What needs to be done.
A verbatim copy of all entries is the expected output.
━━━━━━━━━━
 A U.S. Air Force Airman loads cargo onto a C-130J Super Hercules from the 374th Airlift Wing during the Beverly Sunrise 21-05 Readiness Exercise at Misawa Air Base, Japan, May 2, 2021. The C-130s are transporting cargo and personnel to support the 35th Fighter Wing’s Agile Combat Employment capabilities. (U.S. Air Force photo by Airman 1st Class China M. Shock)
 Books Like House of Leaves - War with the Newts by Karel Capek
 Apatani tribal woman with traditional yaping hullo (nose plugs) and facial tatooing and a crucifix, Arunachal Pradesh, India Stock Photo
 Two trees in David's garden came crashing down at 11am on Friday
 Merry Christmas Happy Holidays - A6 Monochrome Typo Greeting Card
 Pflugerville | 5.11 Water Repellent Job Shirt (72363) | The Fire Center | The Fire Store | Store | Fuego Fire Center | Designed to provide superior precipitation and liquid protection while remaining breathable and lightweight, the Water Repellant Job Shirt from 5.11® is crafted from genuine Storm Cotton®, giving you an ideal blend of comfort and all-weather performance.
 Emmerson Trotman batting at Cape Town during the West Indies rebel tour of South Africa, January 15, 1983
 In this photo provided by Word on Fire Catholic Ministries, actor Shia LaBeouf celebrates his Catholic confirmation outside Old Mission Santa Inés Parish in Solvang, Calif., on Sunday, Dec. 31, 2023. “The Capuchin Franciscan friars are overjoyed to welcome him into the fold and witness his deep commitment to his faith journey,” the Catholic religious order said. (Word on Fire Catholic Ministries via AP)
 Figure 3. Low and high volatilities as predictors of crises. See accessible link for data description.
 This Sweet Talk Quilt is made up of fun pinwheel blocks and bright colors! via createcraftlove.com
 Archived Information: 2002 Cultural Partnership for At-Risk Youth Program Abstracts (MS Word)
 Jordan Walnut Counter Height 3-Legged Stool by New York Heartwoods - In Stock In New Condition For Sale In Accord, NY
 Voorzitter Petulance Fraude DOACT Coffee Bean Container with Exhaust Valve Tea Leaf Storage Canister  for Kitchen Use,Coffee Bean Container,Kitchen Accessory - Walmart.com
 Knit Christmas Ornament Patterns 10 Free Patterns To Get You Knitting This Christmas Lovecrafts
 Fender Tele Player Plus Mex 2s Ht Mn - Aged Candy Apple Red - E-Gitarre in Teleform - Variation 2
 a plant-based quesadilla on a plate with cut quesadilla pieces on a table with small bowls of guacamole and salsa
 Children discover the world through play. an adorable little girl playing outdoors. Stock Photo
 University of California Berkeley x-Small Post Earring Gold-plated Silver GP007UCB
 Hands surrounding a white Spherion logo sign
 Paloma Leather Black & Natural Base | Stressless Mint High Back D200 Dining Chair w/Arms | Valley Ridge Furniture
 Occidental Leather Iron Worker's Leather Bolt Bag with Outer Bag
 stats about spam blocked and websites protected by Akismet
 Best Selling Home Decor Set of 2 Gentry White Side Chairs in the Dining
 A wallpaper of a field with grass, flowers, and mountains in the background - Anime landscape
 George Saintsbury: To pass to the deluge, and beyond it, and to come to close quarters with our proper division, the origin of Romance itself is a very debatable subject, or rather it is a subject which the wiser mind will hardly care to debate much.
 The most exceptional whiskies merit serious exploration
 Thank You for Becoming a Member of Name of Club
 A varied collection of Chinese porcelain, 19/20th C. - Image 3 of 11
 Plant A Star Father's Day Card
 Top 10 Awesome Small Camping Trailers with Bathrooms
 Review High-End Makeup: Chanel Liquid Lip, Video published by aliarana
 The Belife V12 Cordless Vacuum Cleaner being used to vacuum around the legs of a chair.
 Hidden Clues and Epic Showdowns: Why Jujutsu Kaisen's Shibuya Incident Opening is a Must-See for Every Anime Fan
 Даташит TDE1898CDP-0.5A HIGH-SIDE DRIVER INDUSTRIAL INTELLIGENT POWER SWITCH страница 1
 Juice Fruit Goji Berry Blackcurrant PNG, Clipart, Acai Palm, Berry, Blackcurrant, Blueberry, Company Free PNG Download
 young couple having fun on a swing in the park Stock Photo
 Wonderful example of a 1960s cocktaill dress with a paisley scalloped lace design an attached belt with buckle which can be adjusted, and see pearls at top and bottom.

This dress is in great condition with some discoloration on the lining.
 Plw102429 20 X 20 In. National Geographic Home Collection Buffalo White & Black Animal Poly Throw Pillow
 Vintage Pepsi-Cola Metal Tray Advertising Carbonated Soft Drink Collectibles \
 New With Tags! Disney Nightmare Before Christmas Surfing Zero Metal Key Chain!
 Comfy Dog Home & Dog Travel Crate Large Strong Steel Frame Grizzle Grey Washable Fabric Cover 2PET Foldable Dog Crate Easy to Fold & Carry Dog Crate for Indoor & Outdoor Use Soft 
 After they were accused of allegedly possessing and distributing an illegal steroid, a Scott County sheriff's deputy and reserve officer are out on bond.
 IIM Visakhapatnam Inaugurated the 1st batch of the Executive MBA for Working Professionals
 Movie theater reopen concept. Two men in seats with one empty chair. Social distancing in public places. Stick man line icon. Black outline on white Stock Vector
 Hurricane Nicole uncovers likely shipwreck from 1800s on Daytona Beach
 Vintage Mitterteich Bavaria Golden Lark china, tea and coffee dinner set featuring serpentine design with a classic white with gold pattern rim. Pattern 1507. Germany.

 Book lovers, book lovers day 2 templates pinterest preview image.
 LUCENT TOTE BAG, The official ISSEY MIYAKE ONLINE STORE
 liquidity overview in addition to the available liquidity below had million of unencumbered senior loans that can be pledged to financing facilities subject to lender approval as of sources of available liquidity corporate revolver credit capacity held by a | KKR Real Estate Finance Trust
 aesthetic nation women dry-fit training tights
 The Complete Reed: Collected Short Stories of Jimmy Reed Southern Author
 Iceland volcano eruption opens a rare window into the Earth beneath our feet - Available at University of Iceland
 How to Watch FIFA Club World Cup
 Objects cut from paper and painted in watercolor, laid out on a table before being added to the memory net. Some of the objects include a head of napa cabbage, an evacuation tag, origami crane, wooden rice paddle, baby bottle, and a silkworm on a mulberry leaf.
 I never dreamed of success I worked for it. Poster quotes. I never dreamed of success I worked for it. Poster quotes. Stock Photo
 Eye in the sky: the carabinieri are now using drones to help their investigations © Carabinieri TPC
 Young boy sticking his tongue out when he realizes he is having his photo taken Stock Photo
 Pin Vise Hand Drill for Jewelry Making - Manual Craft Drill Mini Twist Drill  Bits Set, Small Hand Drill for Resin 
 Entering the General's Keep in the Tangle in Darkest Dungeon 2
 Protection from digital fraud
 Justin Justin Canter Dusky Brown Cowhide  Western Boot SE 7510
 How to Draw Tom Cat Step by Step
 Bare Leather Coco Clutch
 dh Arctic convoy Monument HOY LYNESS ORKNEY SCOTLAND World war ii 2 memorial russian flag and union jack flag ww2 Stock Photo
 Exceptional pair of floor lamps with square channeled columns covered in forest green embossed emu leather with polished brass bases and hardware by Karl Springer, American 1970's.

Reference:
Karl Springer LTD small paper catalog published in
━━━━━━━━━━
Task result.
 A U.S. Air Force Airman loads cargo onto a C-130J Super Hercules from the 374th Airlift Wing during the Beverly Sunrise 21-05 Readiness Exercise at Misawa Air Base, Japan, May 2, 2021. The C-130s are transporting cargo and personnel to support the 35th Fighter Wing’s Agile Combat Employment capabilities. (U.S. Air Force photo by Airman 1st Class China M. Shock)
 Books Like House of Leaves - War with the Newts by Karel Capek
 Apatani tribal woman with traditional yaping hullo (nose plugs) and facial tatooing and a crucifix, Arunachal Pradesh, India Stock Photo
 Two trees in David's garden came crashing down at 11am on Friday
 Merry Christmas Happy Holidays - A6 Monochrome Typo Greeting Card
 Pflugerville | 5.11 Water Repellent Job Shirt (72363) | The Fire Center | The Fire Store | Store | Fuego Fire Center | Designed to provide superior precipitation and liquid protection while remaining breathable and lightweight, the Water Repellant Job Shirt from 5.11® is crafted from genuine Storm Cotton®, giving you an ideal blend of comfort and all-weather performance.
 Emmerson Trotman batting at Cape Town during the West Indies rebel tour of South Africa, January 15, 1983
 In this photo provided by Word on Fire Catholic Ministries, actor Shia LaBeouf celebrates his Catholic confirmation outside Old Mission Santa Inés Parish in Solvang, Calif., on Sunday, Dec. 31, 2023. “The Capuchin Franciscan friars are overjoyed to welcome him into the fold and witness his deep commitment to his faith journey,” the Catholic religious order said. (Word on Fire Catholic Ministries via AP)
 Figure 3. Low and high volatilities as predictors of crises. See accessible link for data description.
 This Sweet Talk Quilt is made up of fun pinwheel blocks and bright colors! via createcraftlove.com
 Archived Information: 2002 Cultural Partnership for At-Risk Youth Program Abstracts (MS Word)
 Jordan Walnut Counter Height 3-Legged Stool by New York Heartwoods - In Stock In New Condition For Sale In Accord, NY
 Voorzitter Petulance Fraude DOACT Coffee Bean Container with Exhaust Valve Tea Leaf Storage Canister  for Kitchen Use,Coffee Bean Container,Kitchen Accessory - Walmart.com
 Knit Christmas Ornament Patterns 10 Free Patterns To Get You Knitting This Christmas Lovecrafts
 Fender Tele Player Plus Mex 2s Ht Mn - Aged Candy Apple Red - E-Gitarre in Teleform - Variation 2
 a plant-based quesadilla on a plate with cut quesadilla pieces on a table with small bowls of guacamole and salsa
 Children discover the world through play. an adorable little girl playing outdoors. Stock Photo
 University of California Berkeley x-Small Post Earring Gold-plated Silver GP007UCB
 Hands surrounding a white Spherion logo sign
 Paloma Leather Black & Natural Base | Stressless Mint High Back D200 Dining Chair w/Arms | Valley Ridge Furniture
 Occidental Leather Iron Worker's Leather Bolt Bag with Outer Bag
 stats about spam blocked and websites protected by Akismet
 Best Selling Home Decor Set of 2 Gentry White Side Chairs in the Dining
 A wallpaper of a field with grass, flowers, and mountains in the background - Anime landscape
 George Saintsbury: To pass to the deluge, and beyond it, and to come to close quarters with our proper division, the origin of Romance itself is a very debatable subject, or rather it is a subject which the wiser mind will hardly care to debate much.
 The most exceptional whiskies merit serious exploration
 Thank You for Becoming a Member of Name of Club
 A varied collection of Chinese porcelain, 19/20th C. - Image 3 of 11
 Plant A Star Father's Day Card
 Top 10 Awesome Small Camping Trailers with Bathrooms
 Review High-End Makeup: Chanel Liquid Lip, Video published by aliarana
 The Belife V12 Cordless Vacuum Cleaner being used to vacuum around the legs of a chair.
 Hidden Clues and Epic Showdowns: Why Jujutsu Kaisen's Shibuya Incident Opening is a Must-See for Every Anime Fan
 Даташит TDE1898CDP-0.5A HIGH-SIDE DRIVER INDUSTRIAL INTELLIGENT POWER SWITCH страница 1
 Juice Fruit Goji Berry Blackcurrant PNG, Clipart, Acai Palm, Berry, Blackcurrant, Blueberry, Company Free PNG Download
 young couple having fun on a swing in the park Stock Photo
 Wonderful example of a 1960s cocktaill dress with a paisley scalloped lace design an attached belt with buckle which can be adjusted, and see pearls at top and bottom.

This dress is in great condition with some discoloration on the lining.
 Plw102429 20 X 20 In. National Geographic Home Collection Buffalo White & Black Animal Poly Throw Pillow
 Vintage Pepsi-Cola Metal Tray Advertising Carbonated Soft Drink Collectibles \
 New With Tags! Disney Nightmare Before Christmas Surfing Zero Metal Key Chain!
 Comfy Dog Home & Dog Travel Crate Large Strong Steel Frame Grizzle Grey Washable Fabric Cover 2PET Foldable Dog Crate Easy to Fold & Carry Dog Crate for Indoor & Outdoor Use Soft 
 After they were accused of allegedly possessing and distributing an illegal steroid, a Scott County sheriff's deputy and reserve officer are out on bond.
 IIM Visakhapatnam Inaugurated the 1st batch of the Executive MBA for Working Professionals
 Movie theater reopen concept. Two men in seats with one empty chair. Social distancing in public places. Stick man line icon. Black outline on white Stock Vector
 Hurricane Nicole uncovers likely shipwreck from 1800s on Daytona Beach
 Vintage Mitterteich Bavaria Golden Lark china, tea and coffee dinner set featuring serpentine design with a classic white with gold pattern rim. Pattern 1507. Germany.

 Book lovers, book lovers day 2 templates pinterest preview image.
 LUCENT TOTE BAG, The official ISSEY MIYAKE ONLINE STORE
 liquidity overview in addition to the available liquidity below had million of unencumbered senior loans that can be pledged to financing facilities subject to lender approval as of sources of available liquidity corporate revolver credit capacity held by a | KKR Real Estate Finance Trust
 aesthetic nation women dry-fit training tights
 The Complete Reed: Collected Short Stories of Jimmy Reed Southern Author
 Iceland volcano eruption opens a rare window into the Earth beneath our feet - Available at University of Iceland
 How to Watch FIFA Club World Cup
 Objects cut from paper and painted in watercolor, laid out on a table before being added to the memory net. Some of the objects include a head of napa cabbage, an evacuation tag, origami crane, wooden rice paddle, baby bottle, and a silkworm on a mulberry leaf.
 I never dreamed of success I worked for it. Poster quotes. I never dreamed of success I worked for it. Poster quotes. Stock Photo
 Eye in the sky: the carabinieri are now using drones to help their investigations © Carabinieri TPC
 Young boy sticking his tongue out when he realizes he is having his photo taken Stock Photo
 Pin Vise Hand Drill for Jewelry Making - Manual Craft Drill Mini Twist Drill  Bits Set, Small Hand Drill for Resin 
 Entering the General's Keep in the Tangle in Darkest Dungeon 2
 Protection from digital fraud
 Justin Justin Canter Dusky Brown Cowhide  Western Boot SE 7510
 How to Draw Tom Cat Step by Step
 Bare Leather Coco Clutch
 dh Arctic convoy Monument HOY LYNESS ORKNEY SCOTLAND World war ii 2 memorial russian flag and union jack flag ww2 Stock Photo
 Exceptional pair of floor lamps with square channeled columns covered in forest green embossed emu leather with polished brass bases and hardware by Karl Springer, American 1970's.

Reference:
Karl Springer LTD small paper catalog published in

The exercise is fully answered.